Czech general utility aircraft

The Aero Ae270 Spirit was a single-engine turboprop general utility aircraft that was developed by the Czech aircraft company Aero Vodochody. A prototype made its maiden flight in 2000, with European Aviation Safety Agency (EASA) Type Certification in 2005 and Federal Aviation Administration (FAA) type certification in 2006. No production followed.

== History ==

=== Prototype ===

Design began in the early 1990s. The aircraft's configuration was finalized by 1993. In 1997, Aero signed an agreement with AIDC of Taiwan to jointly manufacture and market the aircraft through Ibis Aerospace. The first prototype (0001, OK-EMA) was completed in 2000, and it first flew on July 25, 2000.

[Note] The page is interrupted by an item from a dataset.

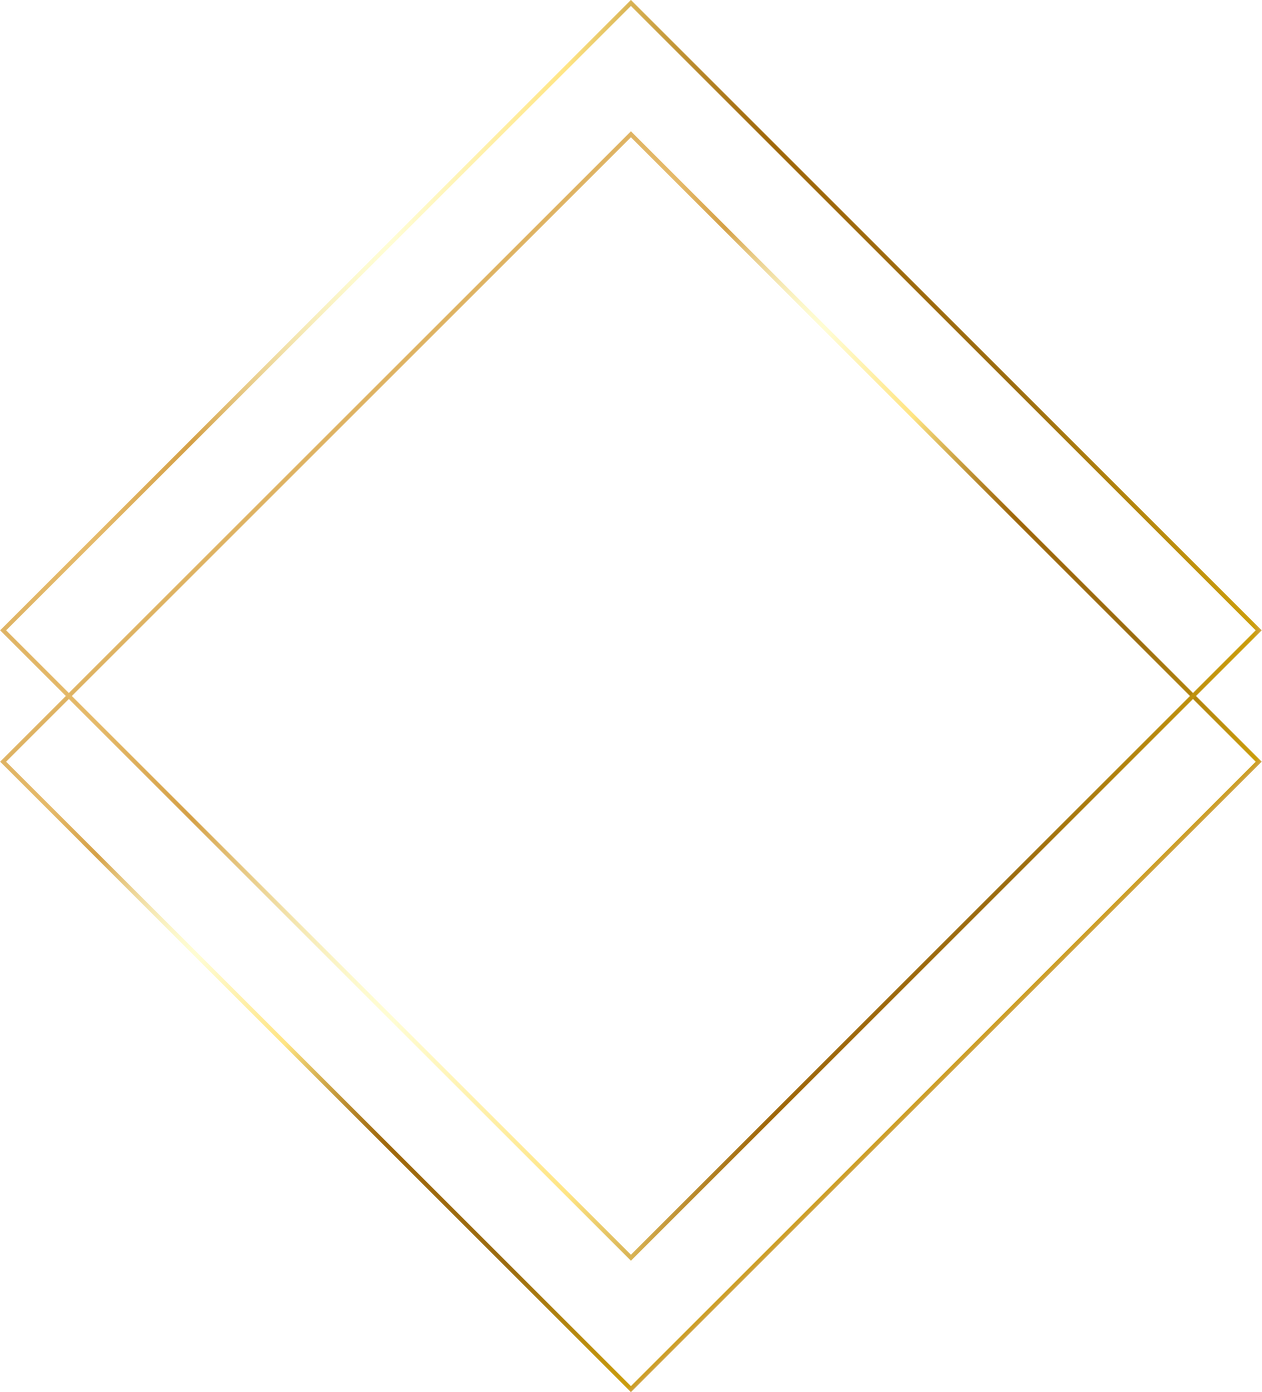 Geometric gold frame

The initial design of the aircraft was projected to have an empty weight of 1790 kg, a maximum take-off weight of 3000 kg, and a ceiling of 7620 m. Five prototypes were planned, two for static and dynamic tests and three for flight tests. The requirements changed and the aircraft was redesigned for greater performance and capabilities, new equipment added, a new engine variant chosen. The second (partial) prototype was used for static tests and the fourth, for fatigue tests. The third prototype (OK-SAR) first flew in 2002. The fifth prototype (OK-LIB) was finished in 2003, with its first flight in February. The sixth prototype (OK-INA) was also finished in 2003. UCL (Czech Civil Aeronautical Institute) added more requirements, which delayed further tests. The first prototype was no longer usable for EASA test flights as changes were significant. A seventh prototype (OK-EVA) was built in 2004.

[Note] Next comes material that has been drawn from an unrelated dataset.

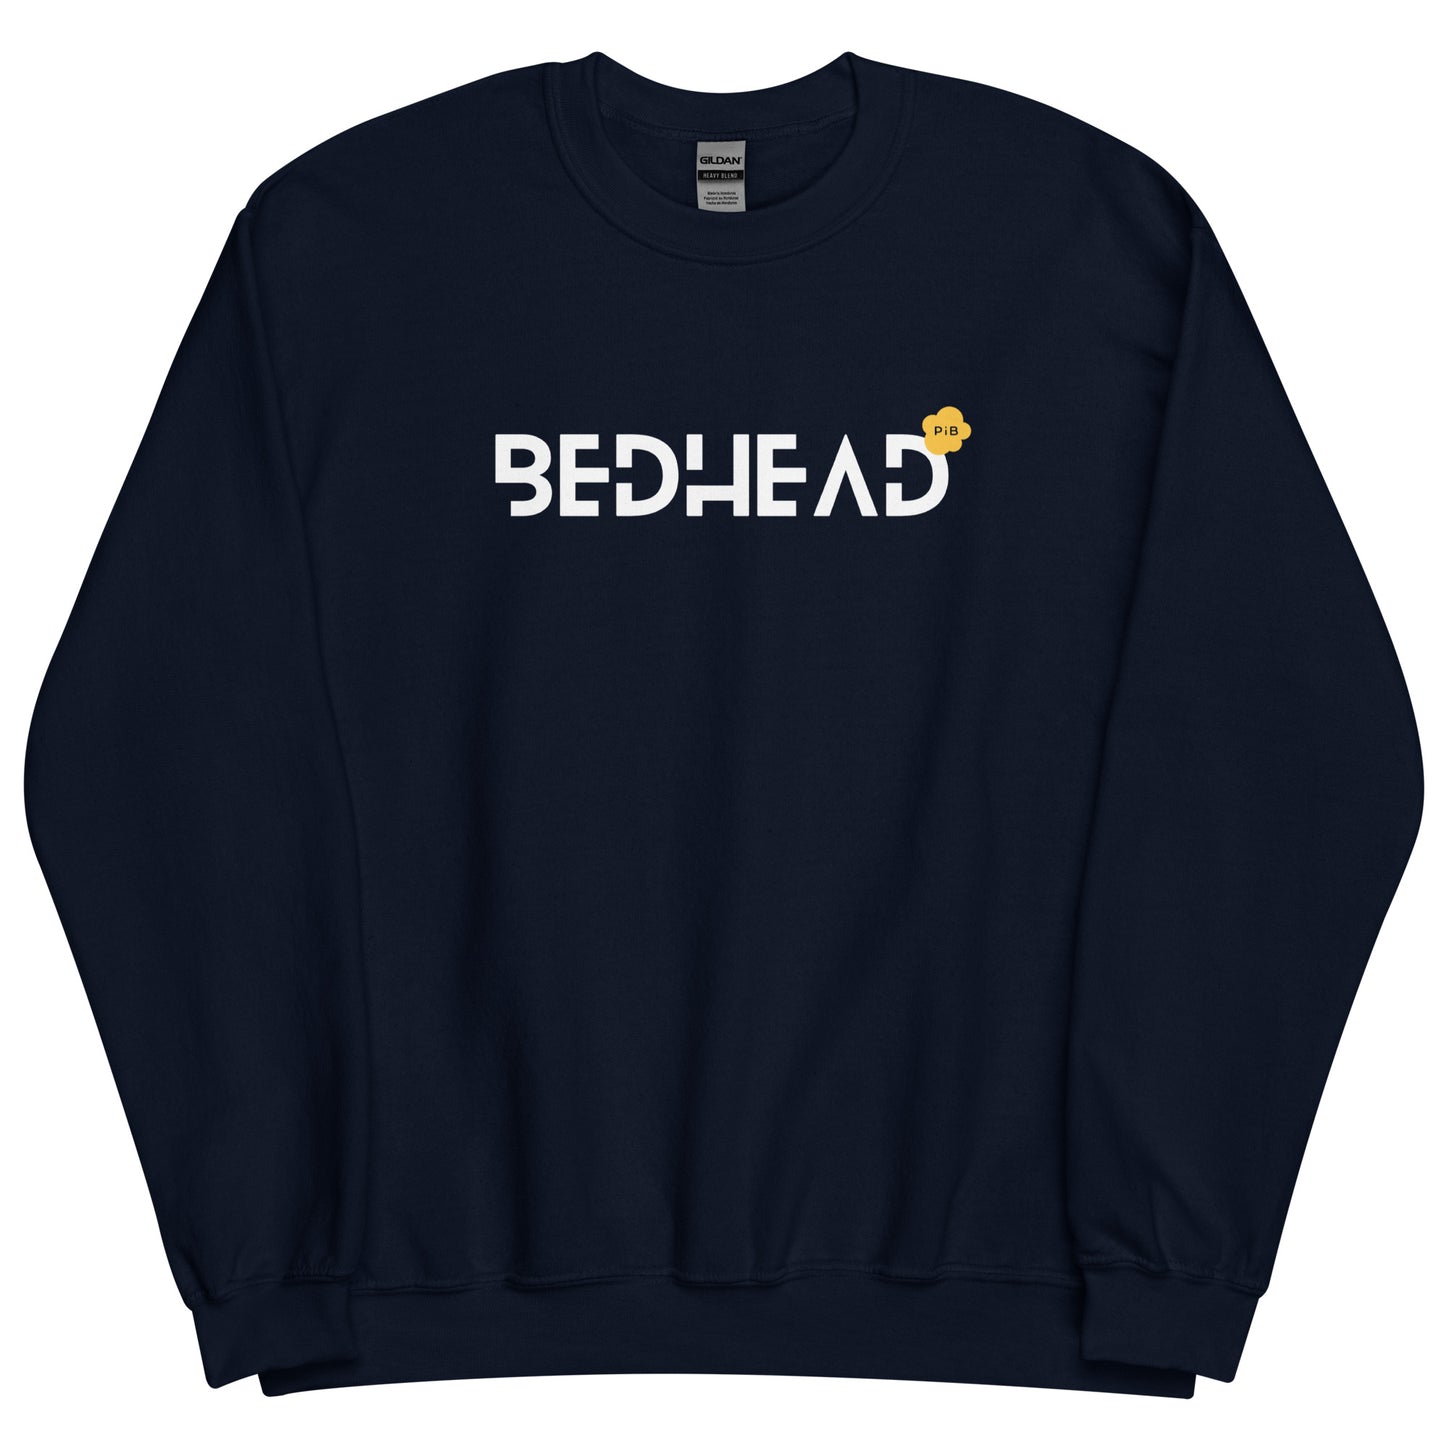 BEDHEAD WHITE TEXT Unisex Sweatshirt

In 2004, AIDC announced that it would not deliver wings for additional airplanes. Aero Vodochody also had issues with money for certification and some members of upper management at Aero were against the program. Deteriorating flight parameters and Aero management interest led to cancellation of preliminary orders. Aero Vodochody was never able to calculate a production price, mostly because the wing was produced in Taiwan and alternate production in Czech Republic was never envisioned.

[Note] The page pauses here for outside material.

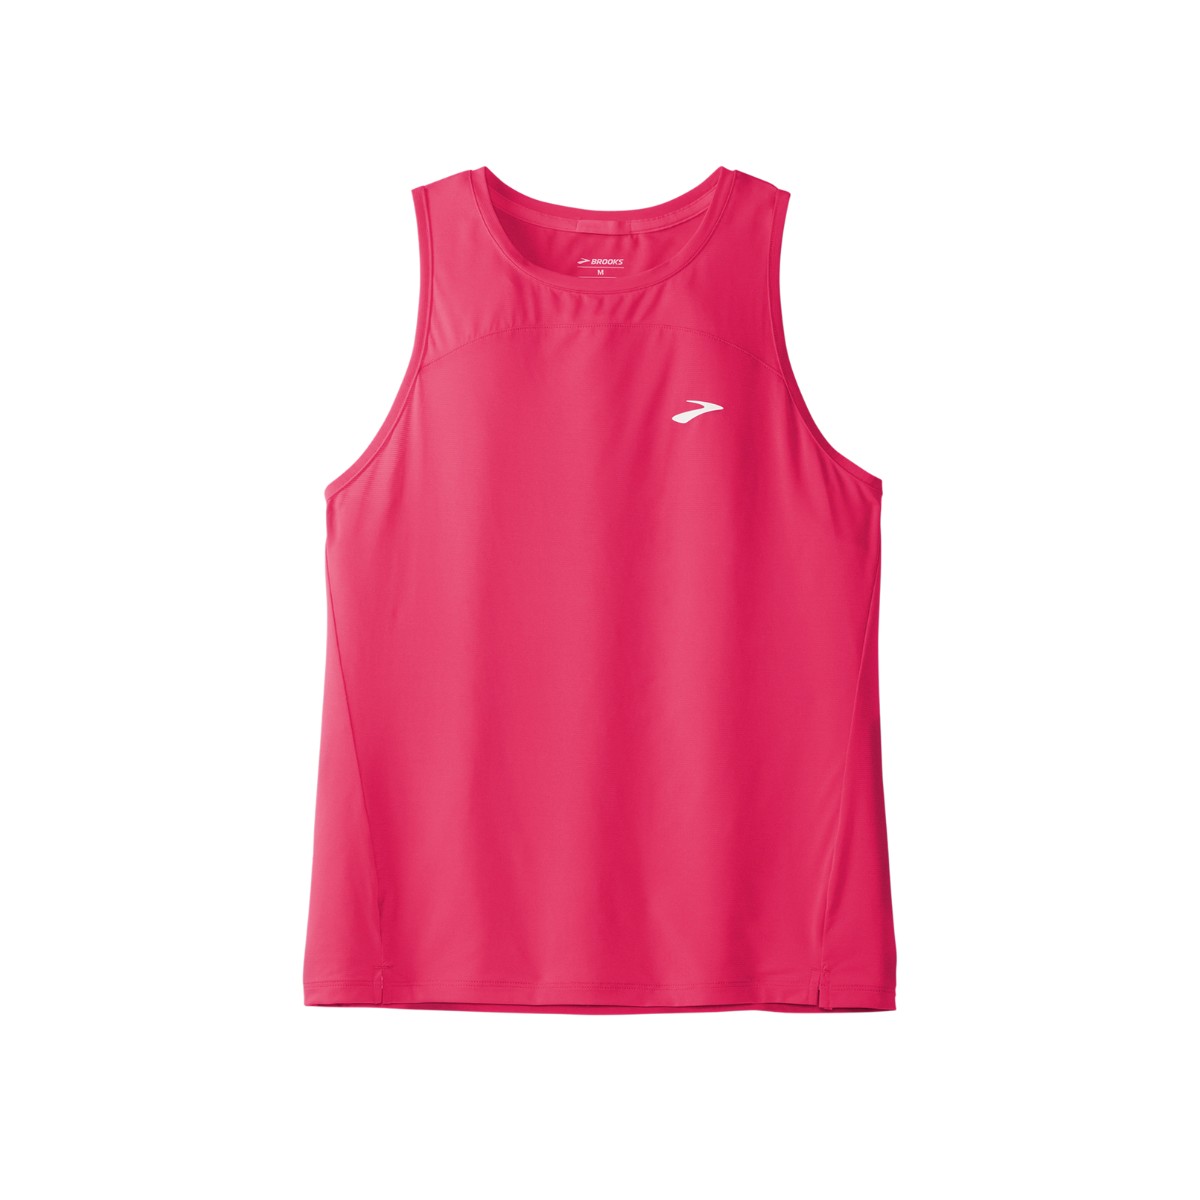 t-shirt brooks sprint free 2.0 sans manches rose femmes, taille m

In 2004, AIDC announced that its business priorities had shifted from the civil to military aviation. At the same time, Aero Vodochody's upper management experienced a similar shift in their business priorities. Aero management's declining interest led to the cancellation of eighty advance orders for the Ae270 aircraft.

=== Certification ===

Airworthiness was certified by the Czech Civil Aviation Authority permitting training and aerial work, including commencement of commercial use. EASA certification completed on December the 12th 2005. The FAA certificate was received on 24 February 2006.

=== Programme suspension ===

During 2008 the project was suspended, jigs and tools removed and 3 unfinished fuselages (including fatigue test prototype 0004) were moved to the Air Park Zruč u Plzně museum. In July 2011, Aero Vodochody stated that the Ae-270 Ibis/Spirit program (including know-how, jigs and tools) would be sold to Belarus, where serial production was planned to start in 2015.

Aircraft Integrated Solutions, a British aviation engineering company based in Manchester, announced in August 2016 that it would restart the programme after its intellectual property and rights as well as European and US type certificates were acquired by its parent, Lebanese investment house COPS.